Research output: Contribution to journalArticlepeer-review

Abstract

Recent efforts to evaluate the heritability of the brain's functional connectome have predominantly focused on static connectivity. However, evaluating connectivity changes across time can provide valuable insight about the inherent dynamic nature of brain function. Here, the heritability of Human Connectome Project resting-state fMRI data was examined to determine whether there is a genetic basis for dynamic fluctuations in functional connectivity. The dynamic connectivity variance, in addition to the dynamic mean and standard static connectivity, was evaluated.
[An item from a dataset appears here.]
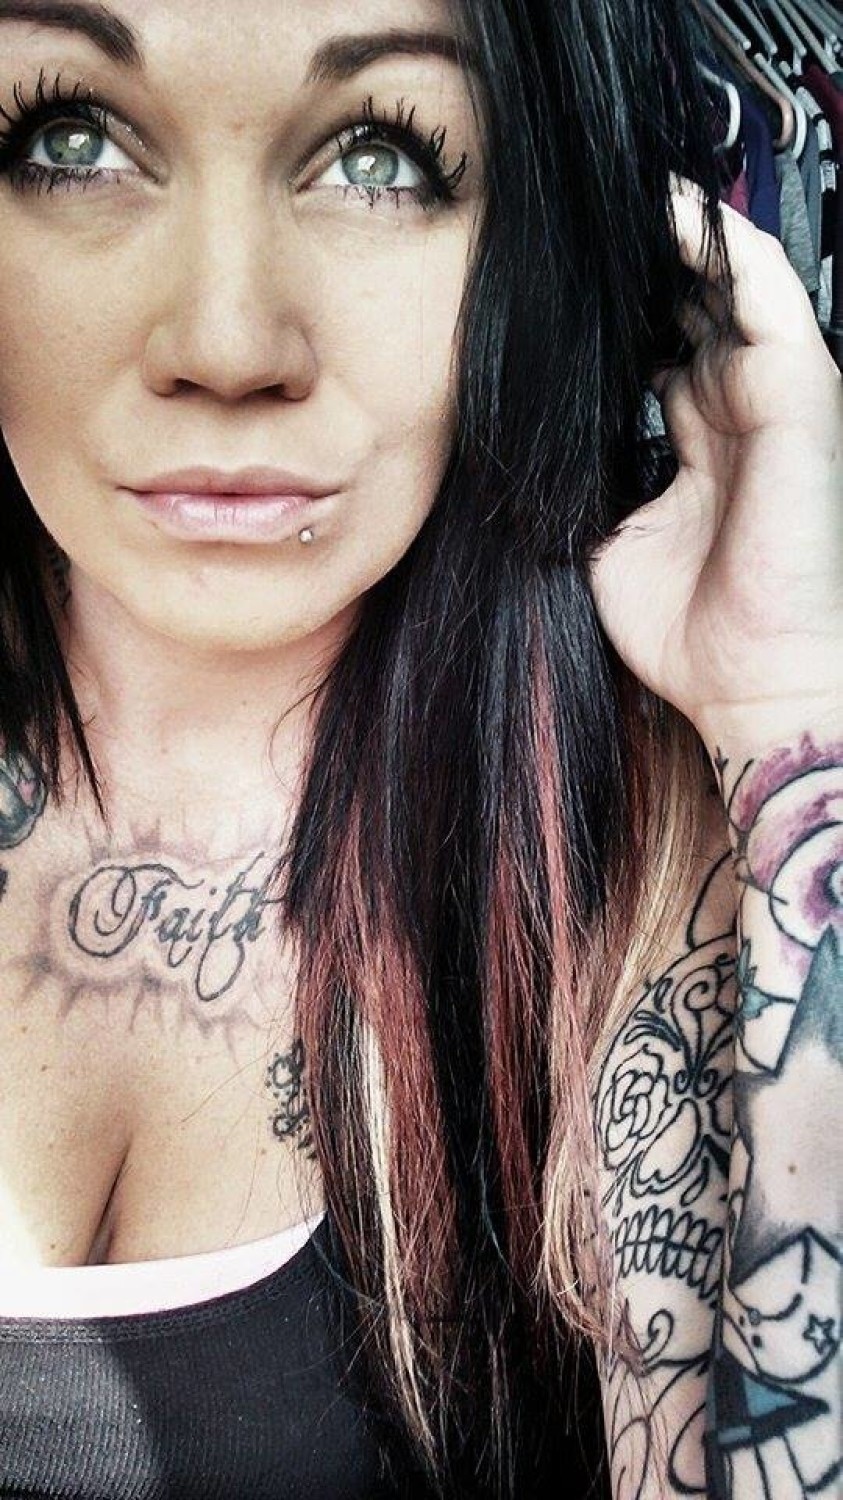 Kobiety z tatuażami. Piękne i seksowne? [ZOBACZ ZDJĘCIA]

Heritability was estimated using Accelerated Permutation Inference for the ACE (APACE), which models the additive genetic (h2), common environmental (c2), and unique environmental (e2) variance. Heritability was moderate (mean h2: dynamic mean = 0.35, dynamic variance = 0.45, and static = 0.37) and tended to be greater for dynamic variance compared to either dynamic mean or static connectivity. Further, heritability of dynamic variance was reliable across both sessions for several network connections, particularly between higher-order cognitive and visual networks. For both dynamic mean and static connectivity, similar patterns of heritability were found across networks. The findings support the notion that dynamic connectivity is genetically influenced. The flexibility of network connections, not just their strength, is a heritable endophenotype that may predispose trait behavior.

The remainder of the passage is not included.